Why bother ranting about inconsistent APIs? Why not accept them the way they are, read the docs, write the tests, and implement the APIs as they come?

It comes down to the developer experience. As a developer, I want to focus on the business problem I’m working to solve. That means everything else needs to operate without taking up conscious thought. I want my OS and IDE to be predictable, so they don’t get in my way. I want my keyboard shortcuts to always work, so I can blindly and efficiently write my code. And I want my APIs to be consistent, so I can build muscle memory to seamlessly integrate them.

If I need to look up the docs for every single API, or even just feel like I might have to look them up, it detracts from my actual work: solving business problems.

Inconsistent APIs cost more time to implement, and they increase the mental load on developers. But they might also reduce the quality of the applications using them. Worst case scenario, this can lead to a bug in production, with serious time and effort required to fix it. And that cost adds up.

Calling every single API reveals inconsistency in every layer

For a recent project, I collected a daily snapshot of every resource in every AWS account in my AWS Organization. Existing services like Config, Cost and Usage Reports, and Resource Groups don’t have full coverage (this frustrating fact is worthy of a blog post of its own). To collect my resources, I built a state machine that looped over all APIs and called every List and Describe API. I thought I’d get a consistently structured body of responses. Boy, was I wrong.

What I found was that there’s no consistency between different AWS services, between related AWS services, and even within a single service’s API. Let me give you an example of each.

Inconsistency between AWS services

There are many ways the various service APIs differ. It starts with the meaning of List and Describe calls. Logically, ListSomething would return a list of all resources of that type, and Describe would describe a single resource in detail. But there’s no such consistency.

IAM, for example, only has List operations: ListRoles, ListUsers, ListPolicies, and so on. These contain lists of resources, including their details.

Then there’s DynamoDB. It also has List operations, like ListTables, but this call only returns a list of plain table names. Nothing more. If you want to retrieve the details of those tables, you need to call DescribeTable for each of the results.

Next up: RDS. This service has no List operations at all! Instead, there are only Describe calls, such as DescribeDBInstances, DescribeDBClusters, and DescribeDBSnapshots. These calls return a list of resources, including all of their details. So functionally, they behave like the List operations in IAM.

Kinesis is a great example of inconsistent APIs within the same family of services. By looking at the APIs, you can tell the same people designed them or were at least inspired by one another. This is a trap that can lead you to falsely believe the APIs are consistent.

For example, Kinesis Data Streams (KDS) has ListStreams, Kinesis Data Firehose has ListDeliveryStreams, and Kinesis Data Analytics has ListApplications.
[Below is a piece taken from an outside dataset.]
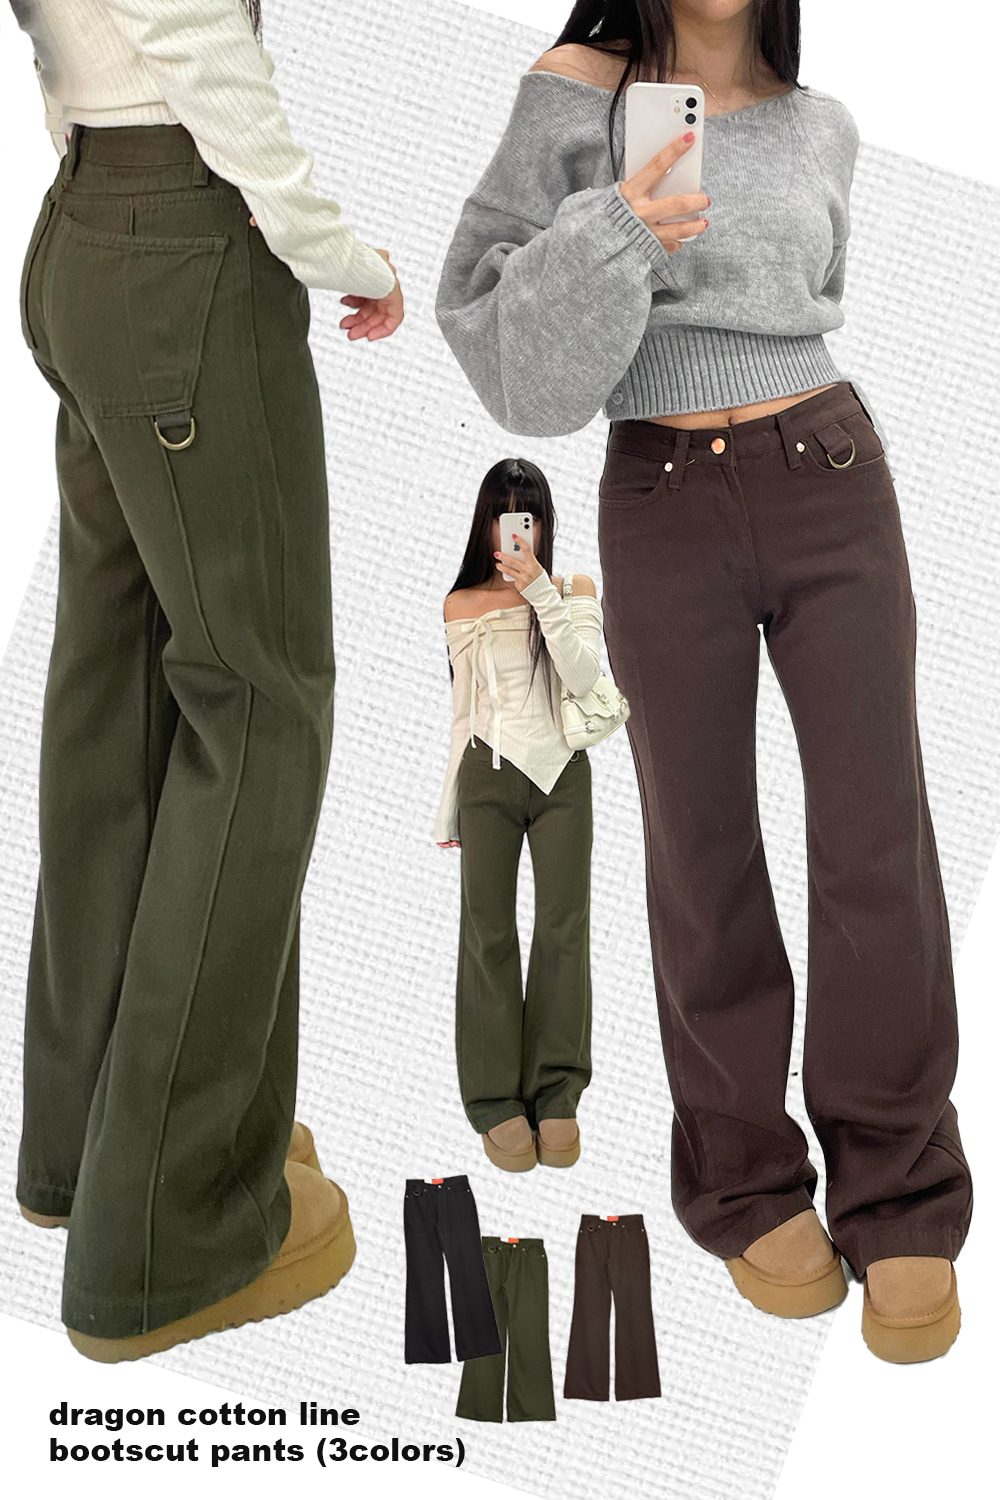 dragon cotton line bootscut pants (3colors)

These calls all follow the DynamoDB API design, where the resources’ names are returned in the List operation and you need to retrieve their details with a Describe call. Fine.

These Describe calls all return an ARN. Their respective fields are StreamARN, DeliveryStreamARN, and ApplicationARN. OK.
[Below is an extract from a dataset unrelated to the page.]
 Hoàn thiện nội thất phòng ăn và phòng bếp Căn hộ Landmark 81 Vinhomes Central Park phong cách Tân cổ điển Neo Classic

They also all return a name. Their fields are StreamName, DeliveryStreamName, and ApplicationName. Still good.

Then we get to the creation date. For KDS, this field is StreamCreationTimestamp, but for both Firehose and Analytics, it’s CreateTimestamp. They all return a Unix timestamp. Why does KDS have a different key?

When we include Kinesis Video Streams (KVS), it gets even worse. This service also has the StreamARN and StreamName fields, but you can get them through ListStreams and DescribeStream. And for KVS, the creation timestamp is stored under yet another name: CreationTime.

Inconsistency within an AWS service

Inconsistency within a service is the worst type of inconsistency because, ostensibly, a single service is maintained by a single team.

It’s a real problem for developers. You can make a mental note that when talking to a different API, you might need to use a different syntax. But when various calls within the same service are inconsistent, you can never really rely on muscle memory, ever.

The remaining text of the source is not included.